Exercise objective: Each line of the listing should be reproduced exactly.

Information shown:
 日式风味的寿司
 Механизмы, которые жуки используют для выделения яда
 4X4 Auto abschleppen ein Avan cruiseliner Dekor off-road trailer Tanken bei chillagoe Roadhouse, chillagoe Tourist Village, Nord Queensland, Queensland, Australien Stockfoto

Task result:
 日式风味的寿司
 Механизмы, которые жуки используют для выделения яда
 4X4 Auto abschleppen ein Avan cruiseliner Dekor off-road trailer Tanken bei chillagoe Roadhouse, chillagoe Tourist Village, Nord Queensland, Queensland, Australien Stockfoto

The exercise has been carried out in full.